Investigating Agency of LLMs in Human-AI Collaboration Tasks
Ashish Sharma, Sudha Rao, Chris Brockett, Akanksha Malhotra, Nebojsa Jojic, Bill Dolan
TL;DR
This work defines and operationalizes Agency for LLMs in human–AI collaboration using Bandura's social‑cognitive theory, decomposing Agency into Intentionality, Motivation, Self‑Efficacy, and Self‑Regulation. It builds a collaborative interior‑design testbed and a new human–human dataset of 83 conversations with 908 Agency‑annotated snippets to study how agentive dialogue affects outcomes, alongside a second task for generating agentive dialogue.
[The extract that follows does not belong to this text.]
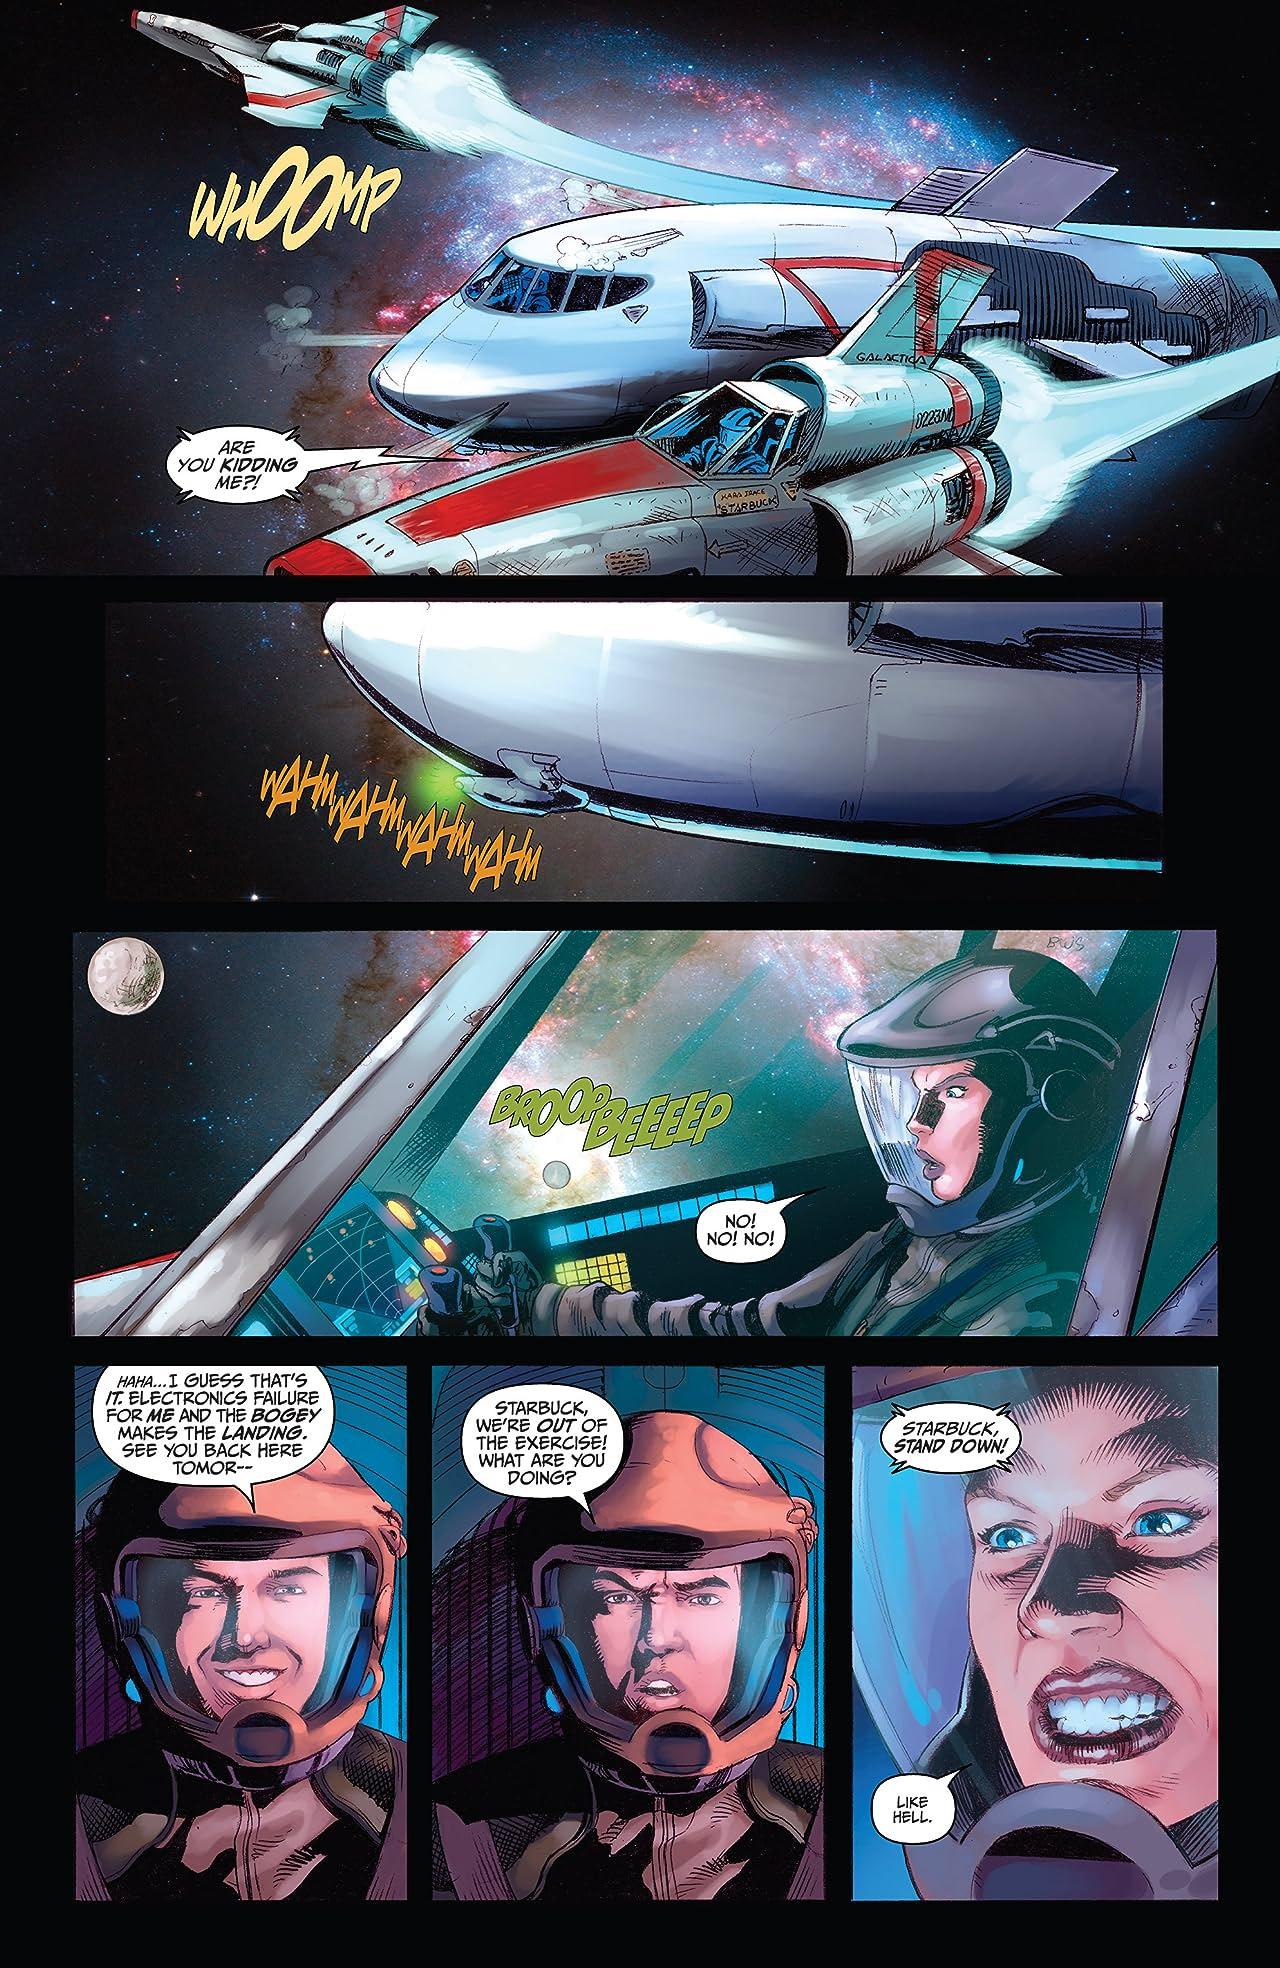 Battlestar Galactica: Season Zero #3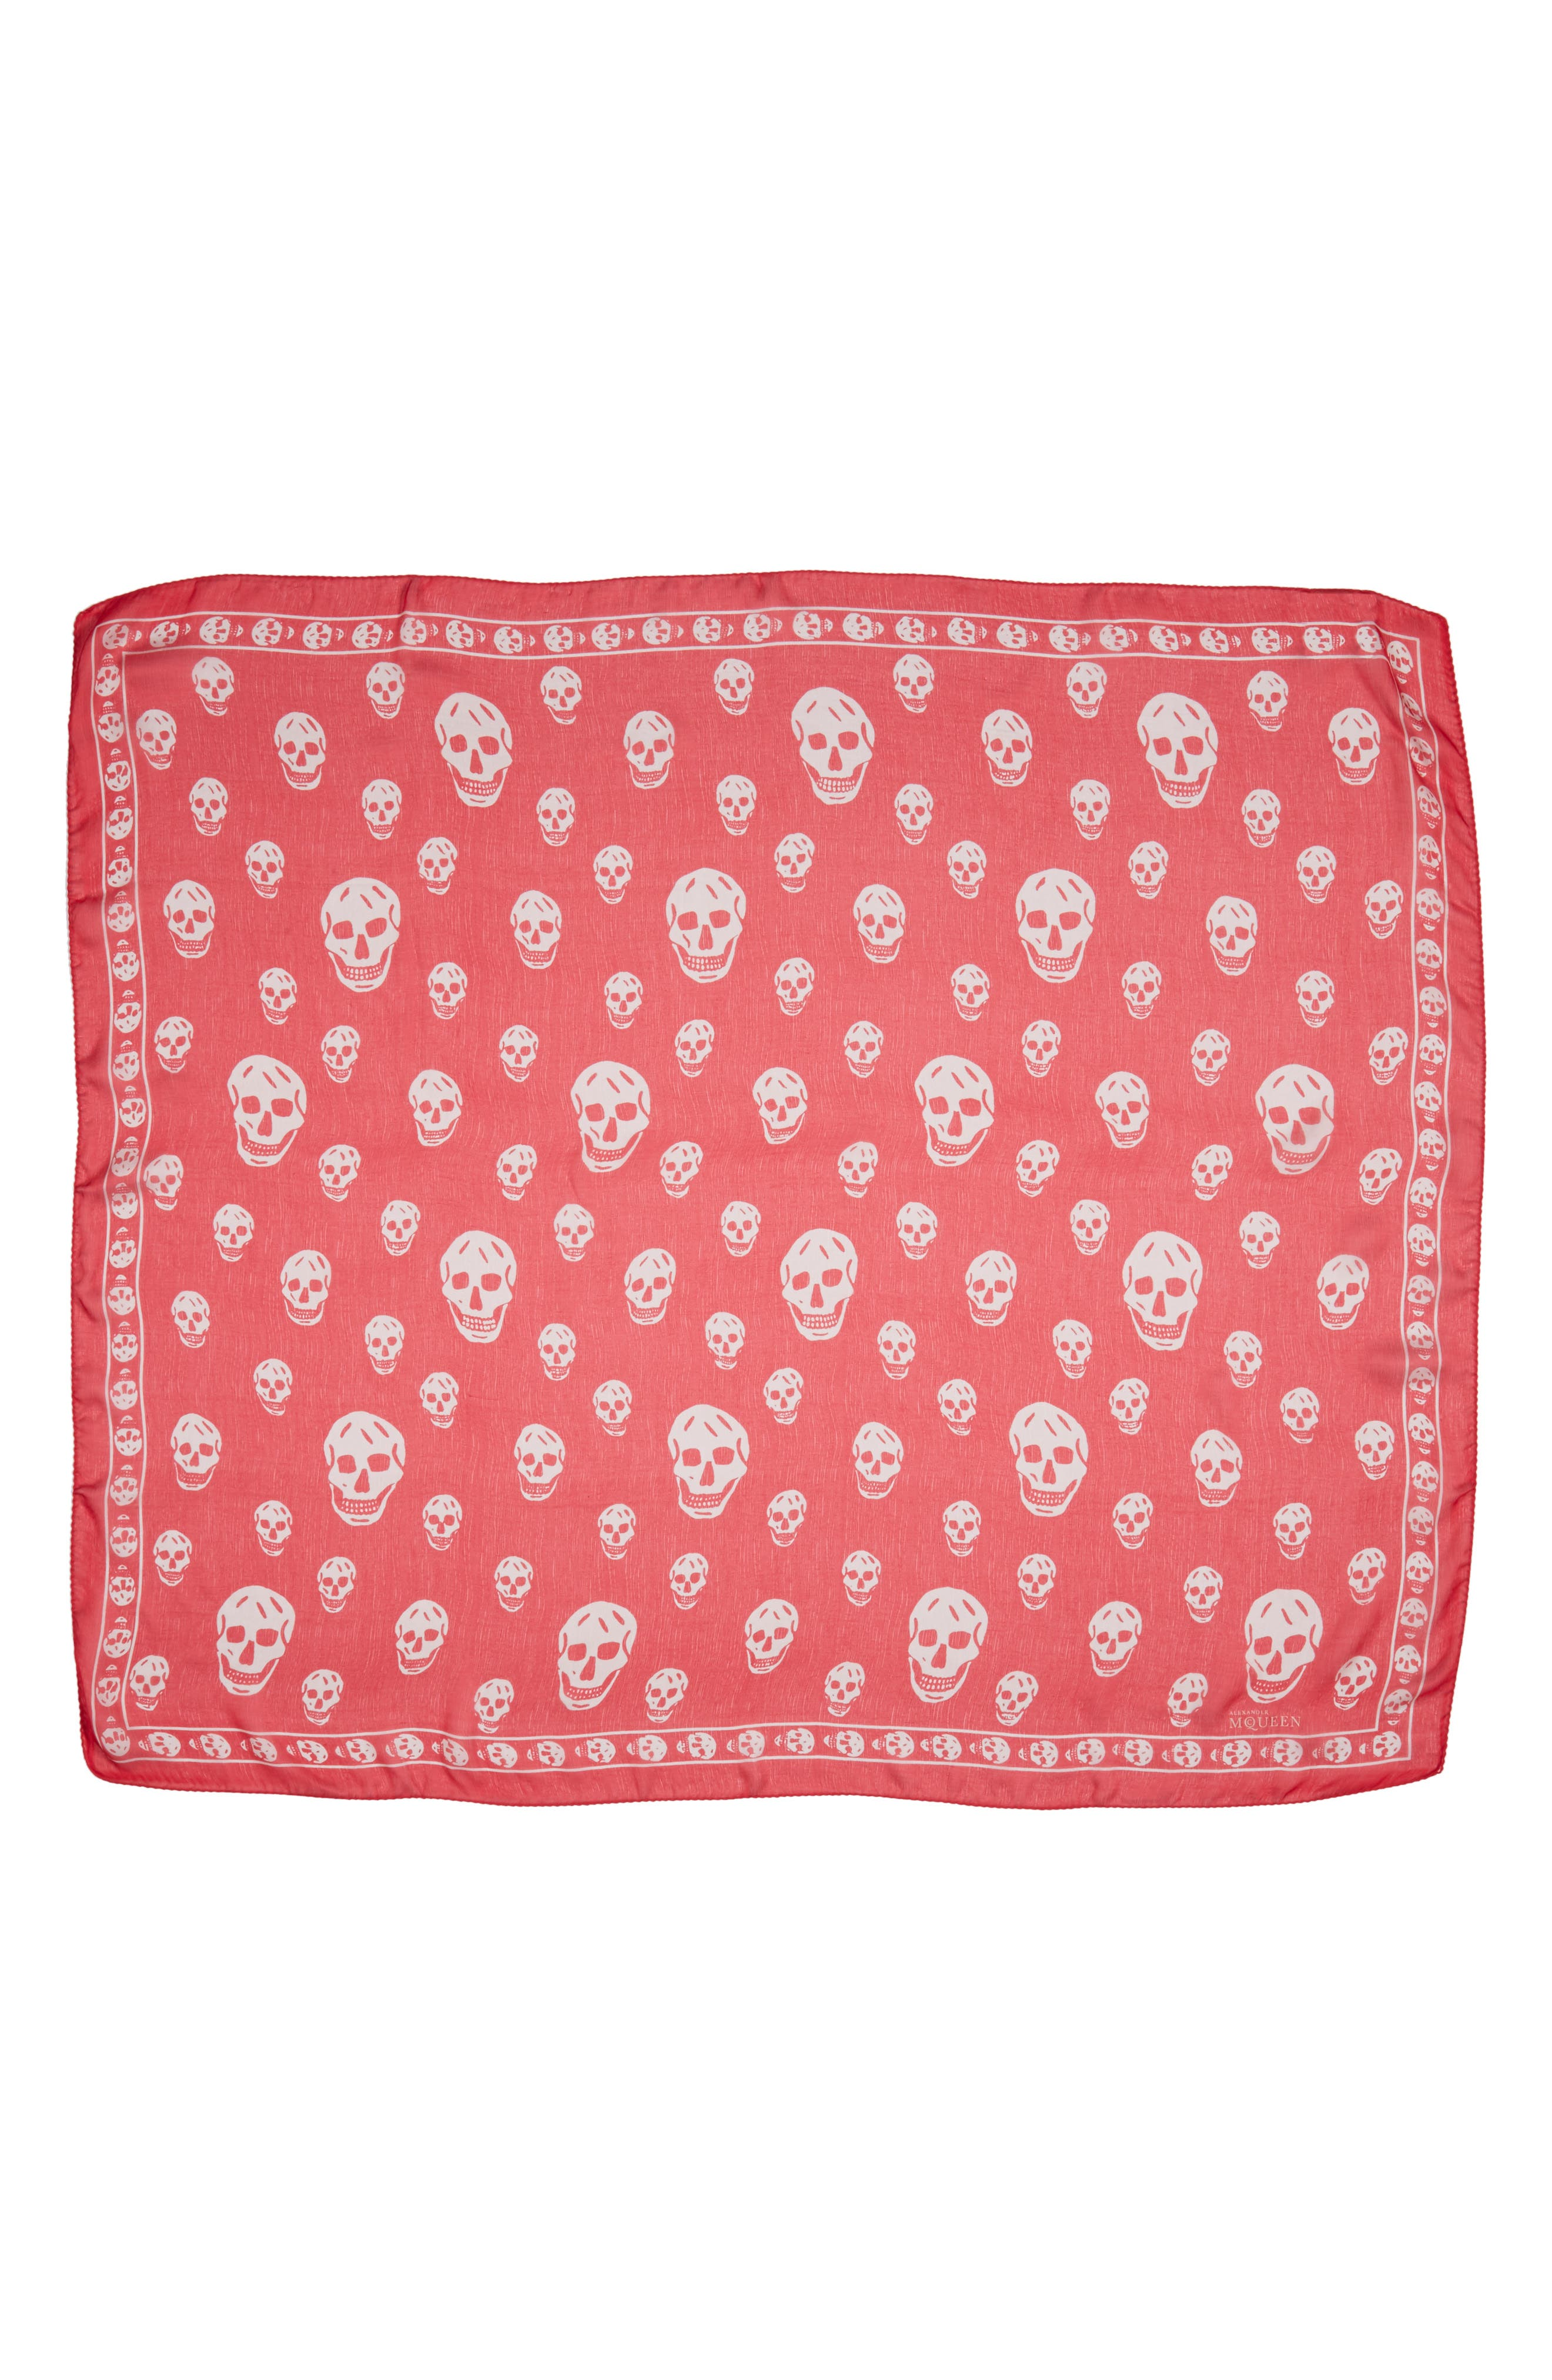 'Skull' Chiffon Scarf, Main, color, CORAL/ BEIGE

By presenting Task 1 (measuring Agency in dialogue) and Task 2 (generating agentive dialogue) and evaluating multiple LLMs and prompting/finetuning strategies, the paper demonstrates that stronger Agency features correlate with higher perceived agency and task satisfaction, and that demonstrations of Agency can boost model performance. The work provides benchmarks, baselines, and methodological tools for creating controllable, agentive language models in creative collaboration while highlighting ethical considerations and domain limitations, and it offers data and code to advance this area of research.
Abstract
Agency, the capacity to proactively shape events, is central to how humans interact and collaborate. While LLMs are being developed to simulate human behavior and serve as human-like agents, little attention has been given to the Agency that these models should possess in order to proactively manage the direction of interaction and collaboration. In this paper, we investigate Agency as a desirable function of LLMs, and how it can be measured and managed. We build on social-cognitive theory to develop a framework of features through which Agency is expressed in dialogue - indicating what you intend to do (Intentionality), motivating your intentions (Motivation), having self-belief in intentions (Self-Efficacy), and being able to self-adjust (Self-Regulation). We collect a new dataset of 83 human-human collaborative interior design conversations containing 908 conversational snippets annotated for Agency features. Using this dataset, we develop methods for measuring Agency of LLMs. Automatic and human evaluations show that models that manifest features associated with high Intentionality, Motivation, Self-Efficacy, and Self-Regulation are more likely to be perceived as strongly agentive.